To identify the methanogenic pathways present in a deep aquifer associated with an accretionary prism in Southwest Japan, a series of geochemical and microbiological studies of natural gas and groundwater derived from a deep aquifer were performed. Stable carbon isotopic analysis of methane in the natural gas and dissolved inorganic carbon (mainly bicarbonate) in groundwater suggested that the methane was derived from both thermogenic and biogenic processes. Archaeal 16S rRNA gene analysis revealed the dominance of H 2 -using methanogens in the groundwater. Furthermore, the high potential of methane production by H 2 -using methanogens was shown in enrichments using groundwater amended with H 2 and CO 2 . Bacterial 16S rRNA gene analysis showed that fermentative bacteria inhabited the deep aquifer. Anaerobic incubations using groundwater amended with organic substrates and bromoethanesulfonate (a methanogen inhibitor) suggested a high potential of H 2 and CO 2 generation by fermentative bacteria.
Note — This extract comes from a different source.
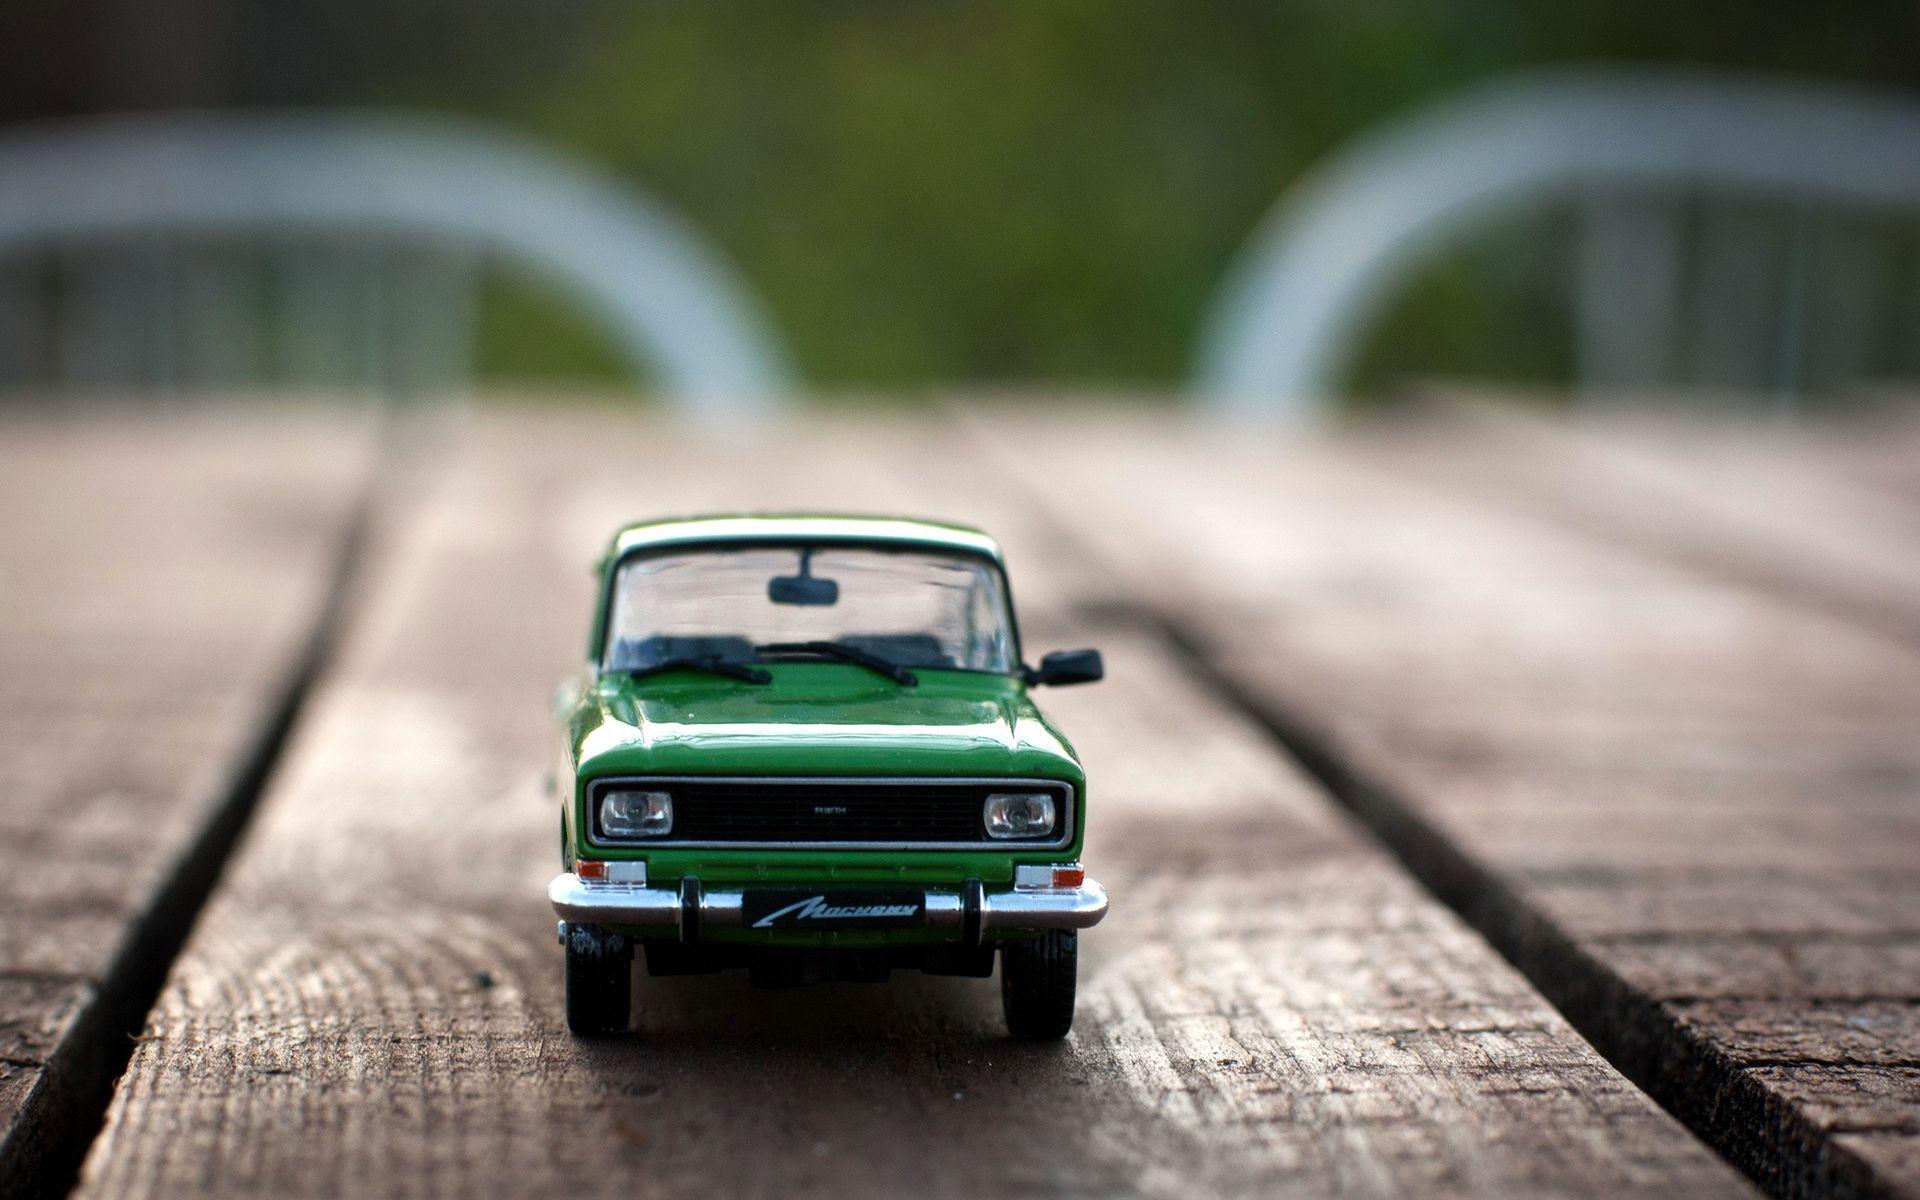 Classic Toy Car Hdwallpaperfx Di 2019 Mobil Mainan Dan Fotografi

To confirm whether or not methane is produced by a syntrophic consortium of H 2 -producing fermentative bacteria and H 2 -using methanogens, anaerobic incubations using the groundwater amended with organic substrates were performed. Consequently, H 2 accumulation and rapid methane production were observed in these enrichments incubated at 55 and 65 1C. Thus, our results suggested that past and ongoing syntrophic biodegradation of organic compounds by H 2 -producing fermentative bacteria and H 2 -using methanogens, as well as a thermogenic reaction, contributes to the significant methane reserves in the deep aquifer associated with the accretionary prism in Southwest Japan.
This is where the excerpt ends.